1. Introduction to CAST
One key task in environmental science is obtaining information of environmental variables continuously in space or in space and time, usually based on remote sensing and limited field data. In that respect, machine learning algorithms have been proven to be an important tool to learn patterns in nonlinear and complex systems. However, standard machine learning applications are not suitable for spatio-temporal data, as they usually ignore the spatio-temporal dependencies in the data. This becomes problematic in (at least) two aspects of predictive modelling: Overfitted models as well as overly optimistic error assessment (see Meyer et al 2018 or Meyer et al 2019 ). To approach these problems, CAST supports the well-known caret package (Kuhn 2018 to provide methods designed for spatio-temporal data.

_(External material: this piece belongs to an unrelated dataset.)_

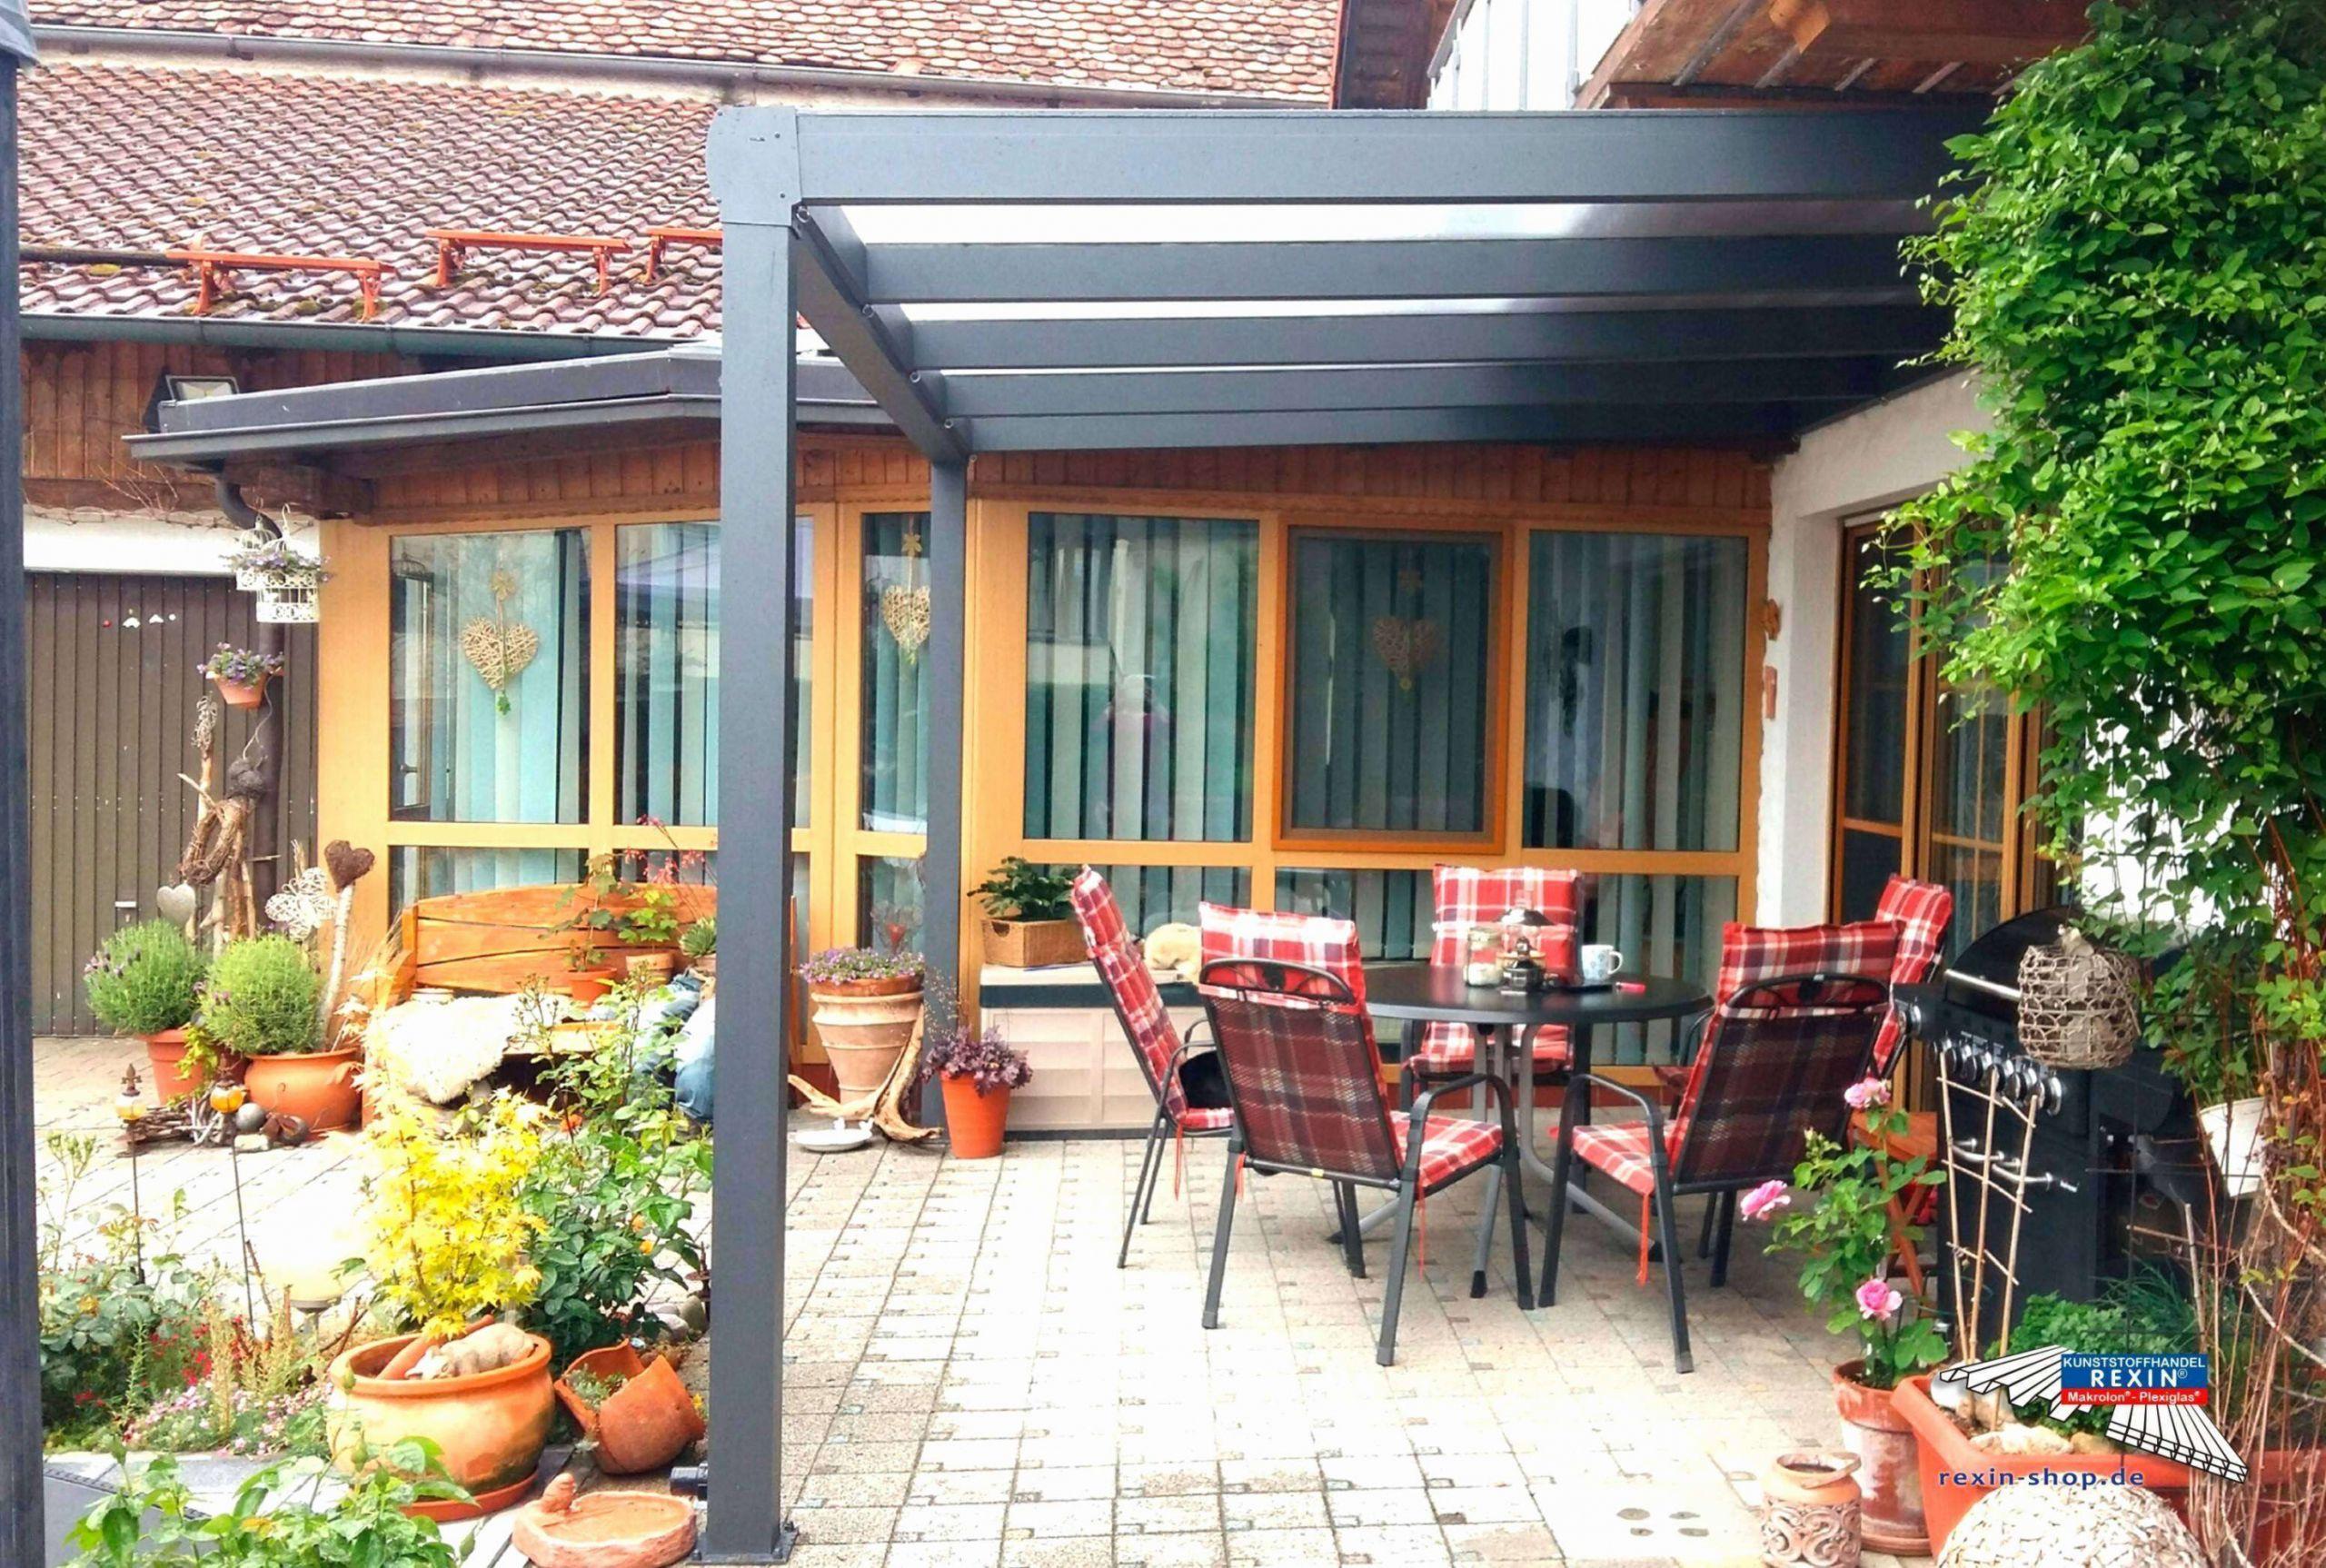 deko garten selber machen neu deko balkon schon balkon dekorieren 0d deko garten selber machen deko garten selber machen

This tutorial shows how to set up a spatio-temporal prediction model that includes objective and reliable error estimation. It further shows how spatio-temporal overfitting can be detected by comparison between validation strategies. It will be shown that certain variables are responsible for the problem of overfitting due to spatio-temporal autocorrelation patterns. Therefore, this tutorial also shows how to automatically exclude variables that lead to overfitting with the aim to improve the spatio-temporal prediction model.
In order to follow this tutorial, I assume that the reader is familiar with the basics of predictive modelling nicely explained in Kuhn and Johnson 2013 as well as machine learning applications via the caret package.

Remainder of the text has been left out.